= Exercise material =
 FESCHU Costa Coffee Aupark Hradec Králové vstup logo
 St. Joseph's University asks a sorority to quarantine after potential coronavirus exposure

...

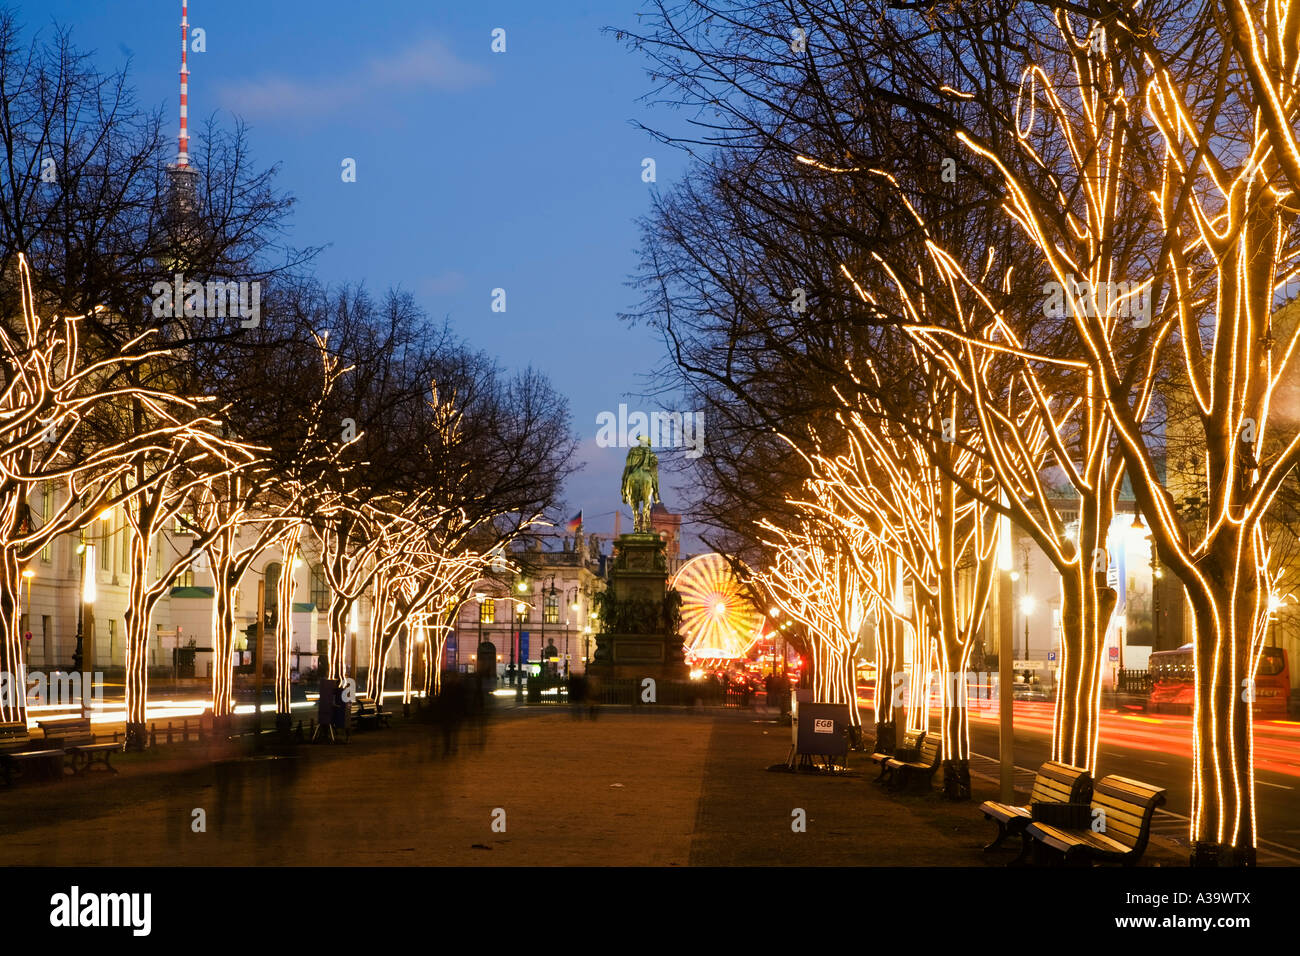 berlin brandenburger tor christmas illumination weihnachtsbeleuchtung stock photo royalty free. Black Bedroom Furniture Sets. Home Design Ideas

...

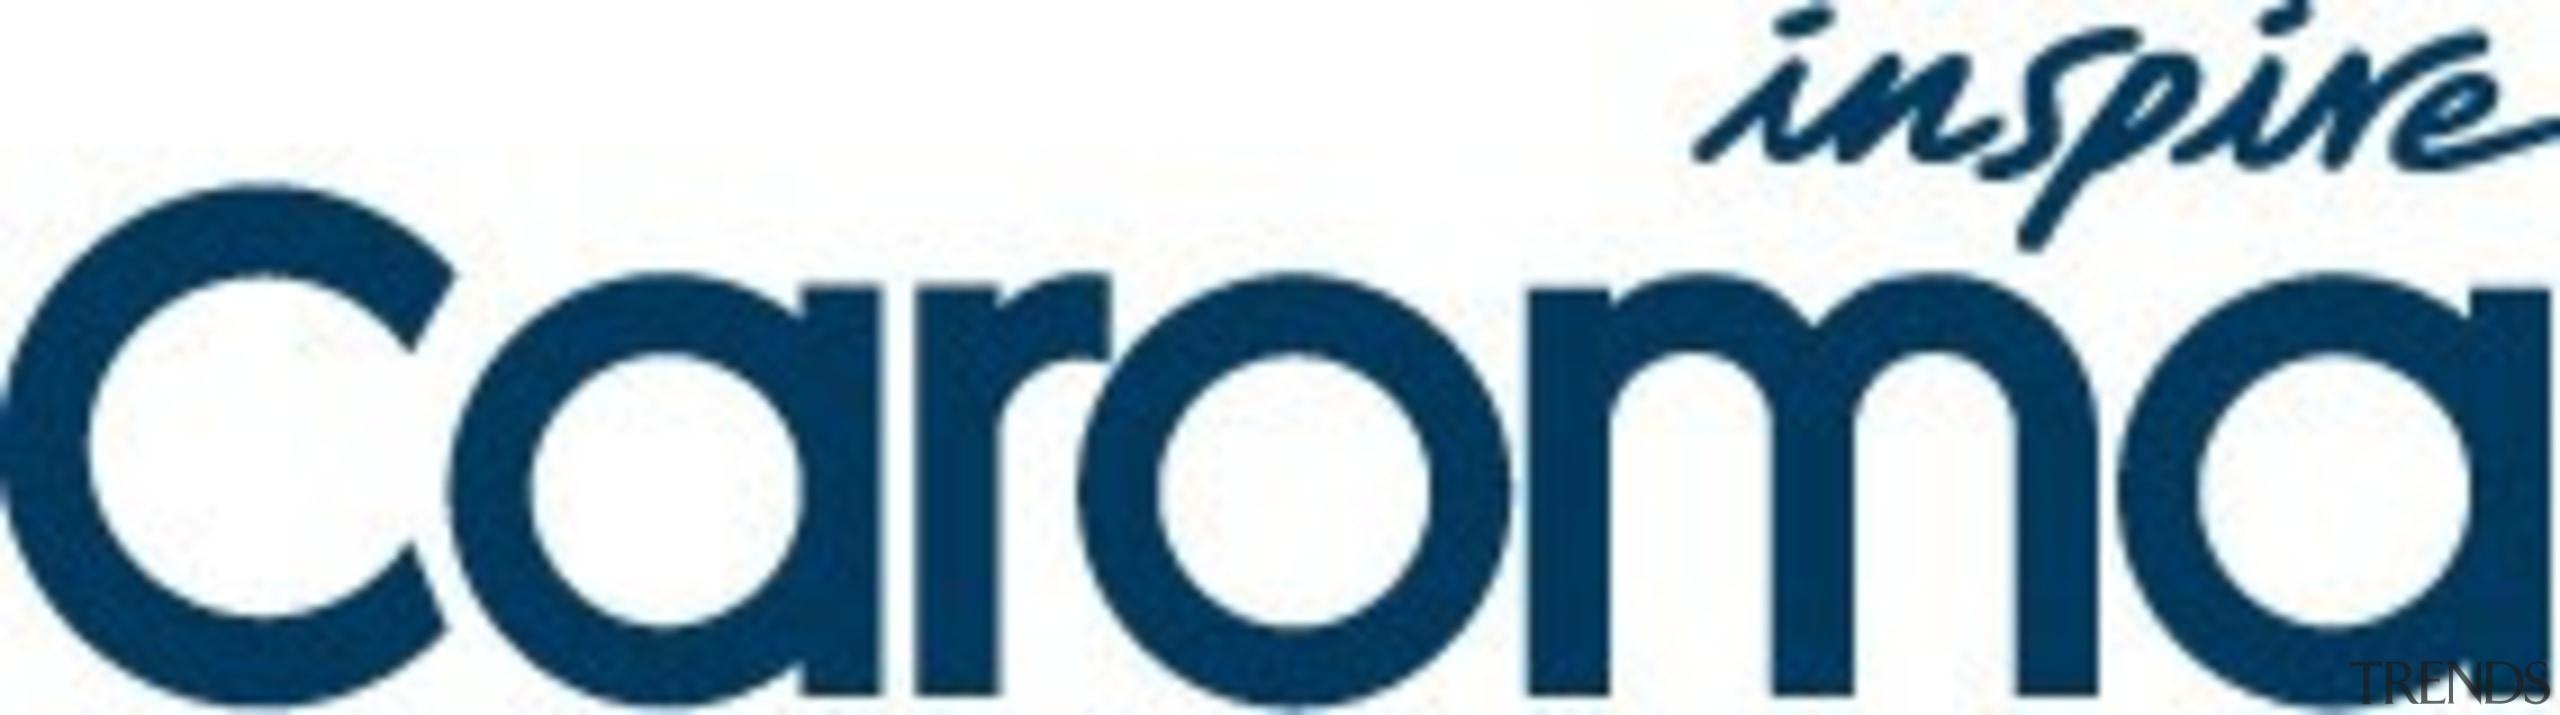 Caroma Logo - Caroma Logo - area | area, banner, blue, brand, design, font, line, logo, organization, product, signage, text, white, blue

= Aim of the exercise =
Write out exactly the lines above from the line with "FESCHU Costa Coffee" through the line with "St. Joseph's University", both of them included, and leave out all other lines.

= Answer for this exercise =
 FESCHU Costa Coffee Aupark Hradec Králové vstup logo
 St. Joseph's University asks a sorority to quarantine after potential coronavirus exposure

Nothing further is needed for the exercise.